Gresik – Program TNI Manunggal Membangun Desa (TMMD) ke-128 yang dilaksanakan oleh Kodim 0817/Gresik tidak hanya bertujuan untuk pembangunan fisik, namun juga mendorong pengembangan potensi ekonomi kreatif di masyarakat desa. Hal ini terlihat di Desa Slempit, Kecamatan Kedamean, Kabupaten Gresik, di mana anggota Satgas TMMD, Kopka Junaedi, belajar tentang kerajinan anyaman pelepah pisang dari Bapak Saeko, seorang pelaku usaha kreatif di setempat, pada Jumat (15/5/2026).
Dalam suasana sederhana di bengkel kerja Bapak Saeko, Kopka Junaedi terlihat antusias mengikuti setiap proses pembuatan kerajinan yang terbuat dari pelepah pisang. Mulai dari seleksi bahan, teknik anyaman, hingga penyelesaian produk yang memiliki nilai seni tinggi seperti meja, kursi, dan dekorasi untuk interior rumah.

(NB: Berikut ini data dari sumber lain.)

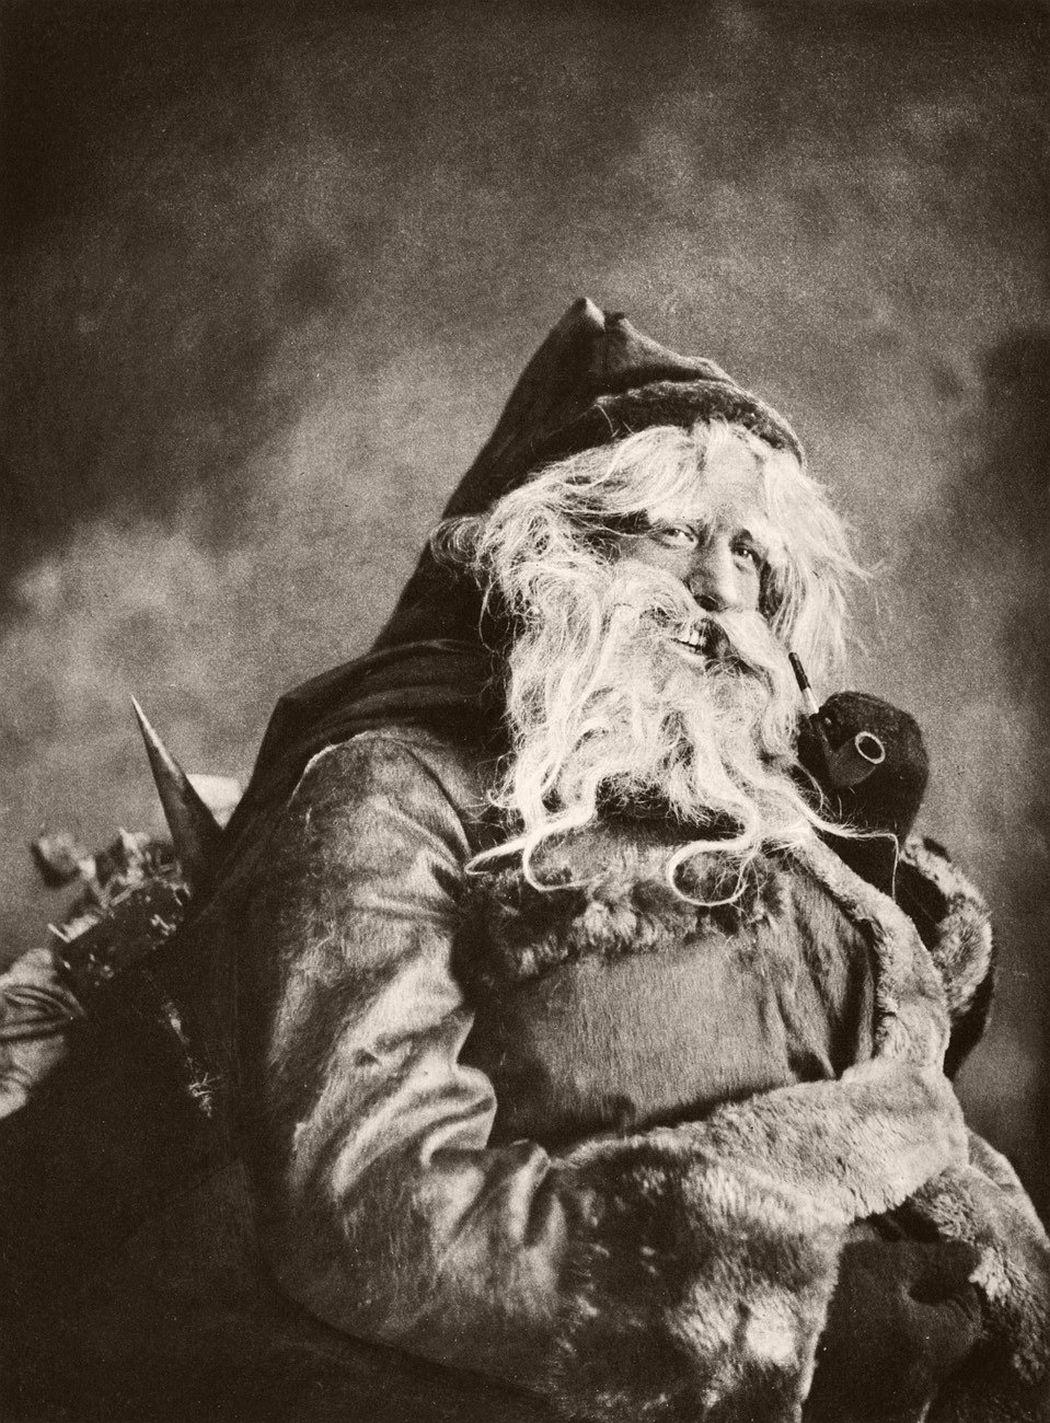 Vintage Santa Claus In The Past MONOVISIONS

Kegiatan ini mencerminkan kedekatan antara TNI dan masyarakat, di mana TNI tidak hanya hadir untuk membantu dalam pembangunan infrastruktur desa, tetapi juga berkomitmen mendukung perkembangan usaha masyarakat agar semakin dikenal luas.
Kopka Junaedi mengungkapkan bahwa kerajinan anyaman pelepah pisang memiliki potensi ekonomi yang signifikan, karena bahan bakunya mudah didapatkan di lingkungan sekitar. “Kerajinan ini sangat menjanjikan dan ramah lingkungan. Kami berharap usaha seperti ini bisa terus berkembang untuk meningkatkan kesejahteraan warga desa,” katanya.
Bapak Saeko pun merasa senang atas perhatian yang diberikan anggota Satgas TMMD terhadap usahanya. Ia percaya kehadiran TNI dapat memberikan semangat bagi pelaku usaha kecil untuk terus berkarya dan berinovasi. “Kehadiran TMMD sangat berarti bagi kami, semoga kerajinan di Desa Slempit bisa semakin maju dan dikenal oleh lebih banyak orang,” tuturnya.
TMMD ke-128 Kodim 0817/Gresik menunjukkan bahwa kolaborasi antara TNI dan masyarakat tidak hanya terbatas pada pembangunan fisik, tetapi juga memperkuat kemandirian ekonomi dan meningkatkan kesejahteraan masyarakat.